Friday’s mystery image was a preview of this week’s to-do list. There is only one item on the list. And it’s a doozy. It makes me say, “Oof!”

As many of you guessed last week, the picture was of shingles. The project for this week is the roof. Oof.

You’ve seen the detail shot. Let me zoom out a little bit and show you the scope of our issues.

Old shingles

Shingles are not supposed to look like this

Our shingles have gone beyond curling and are officiallyfried. They have to be replaced.

Roof

At this angle, I’m looking above the broken shingles on the house and gazing longingly at the steel roof of the barn

Somehow, our attic is still dry inside, but I’m a little anxious about what the plywood under the shingles is going to look like.

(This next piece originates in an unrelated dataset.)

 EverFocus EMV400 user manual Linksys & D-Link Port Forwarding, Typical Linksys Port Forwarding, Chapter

Shingles in need of replacement

The front half of the roof is as bad as the back

Normally, roofing a whole house is not a job I’d choose to DIY. However, given the long list of must-do fixes we’ve done so far (new geothermal system, upgrading insulation in the attic and the basement, redoing the well and water system, rewiring the basement) the budget is reaching its limits, and so we chose free labour (us) over professional help.

Matt will be the lead on this, as he’s able to be home while I have to keep up with my day job. However, I will be working in the evenings and he’ll have some help from his dad and one of his friends.

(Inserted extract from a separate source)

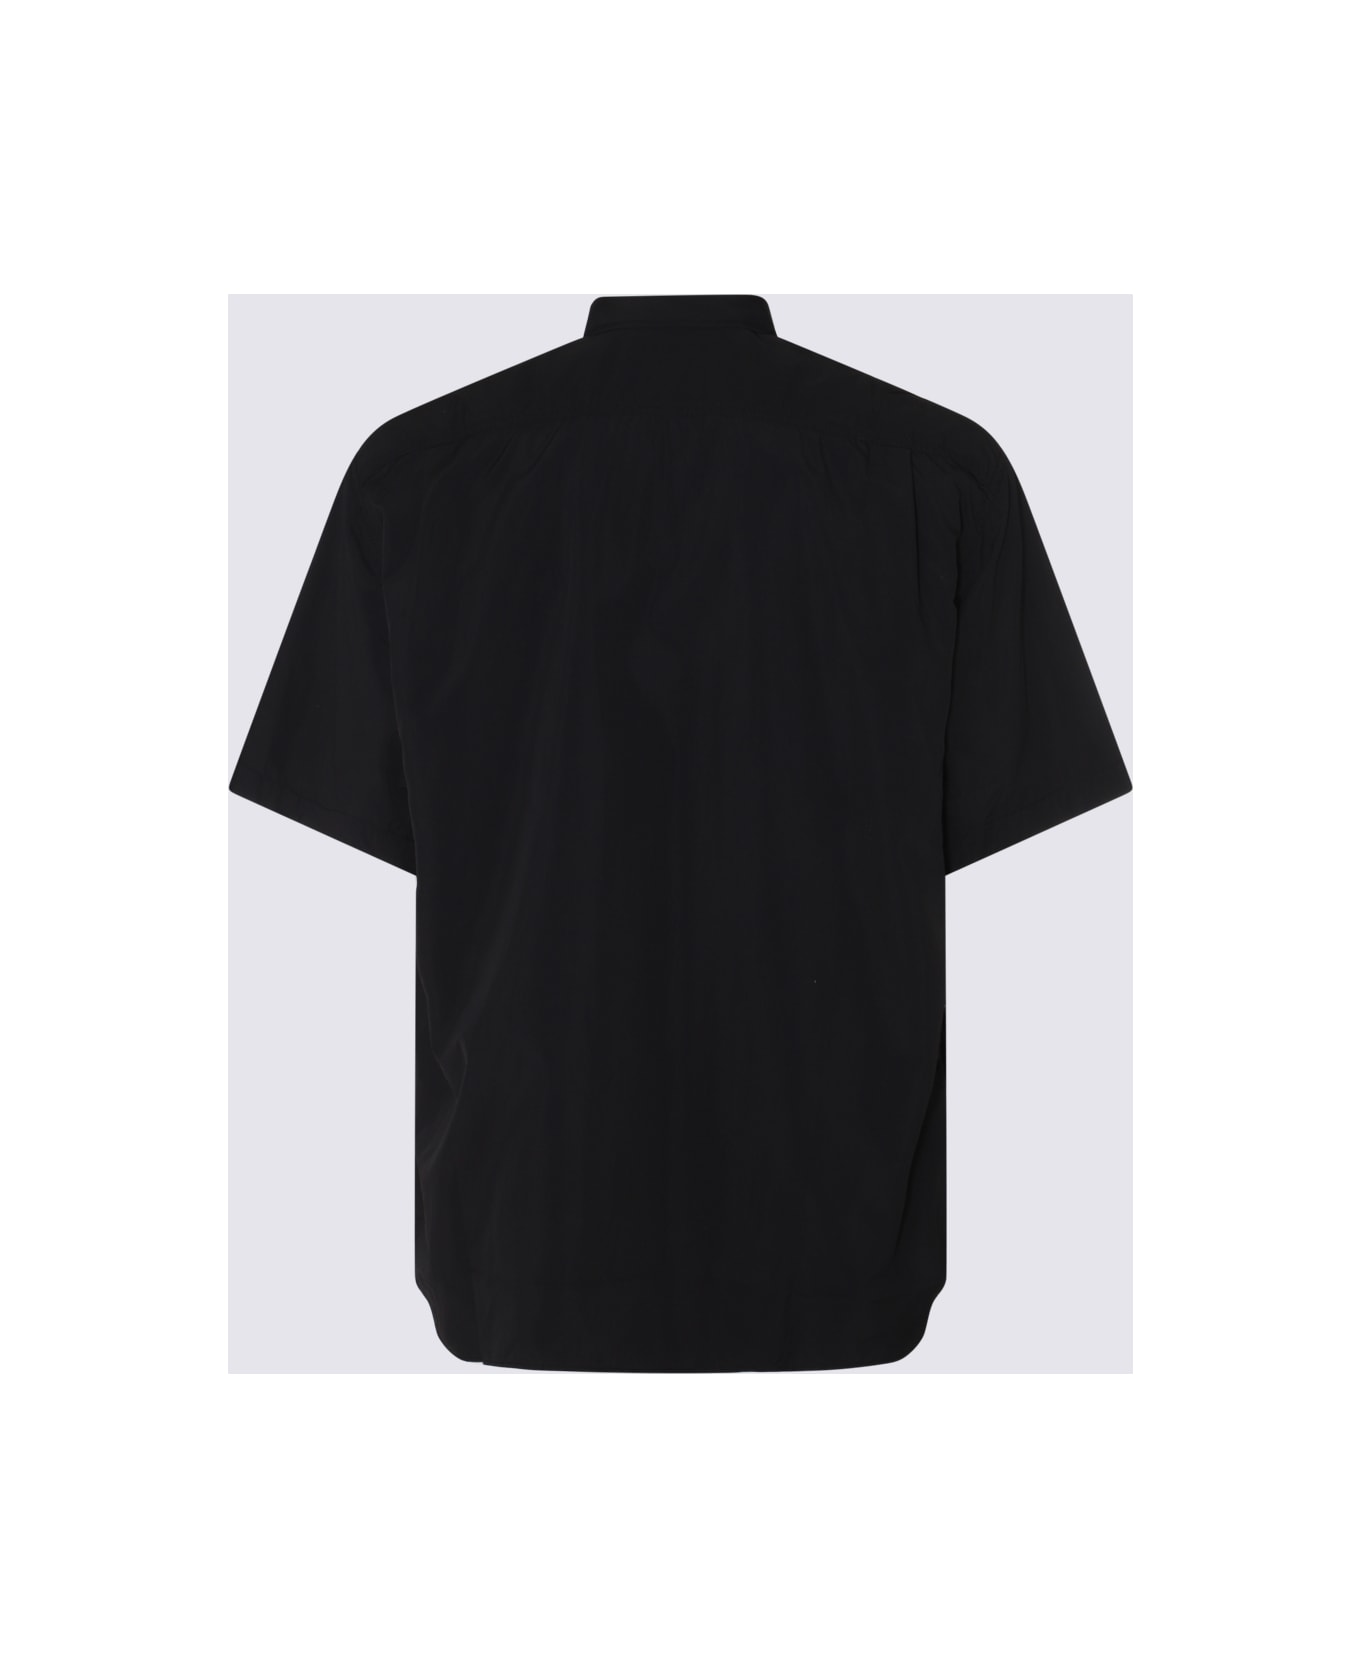 Comme des Garçons Homme Black Nylon Shirt - Black シャツ

The roof is just under 3,400 square feet. That works out to 110 bundles of shingles. Oof.

In addition to new shingles, we’ll be looking to make a few other changes to the roof.

Collage of roof images

Areas of concern from our roof

Clockwise from top left:

  1. The sea creatures–or moss–that have grown up on the old shingles will be extinct by the end of the week.
  2. The old hook-ups for the solar hot water heaters for the indoor pool will hopefully not be too difficult to remove and patch.
  3. The cupola and buxom rooster weather vane (the only thing I like about the roof) will be carefully removed so that I can reuse them on the attached garage, which we will build some day.
  4. The last remaining piece of the woodstove chimney will be removed and the hole will be patched–with plywood and shingles, not a garbage bag and duct tape.

The other necessary upgrade is to improve the ventilation. Currently, there is not a single vent anywhere on the roof. Hence the reason why our shingles look the way they do–they cooked. No vents is not only unhealthy for our house; it’s also against the building code.

We’re crossing our fingers that we haven’t taken on more than we’re capable of with this project.

If anyone has any pointers or words of encouragement, they would be most welcome.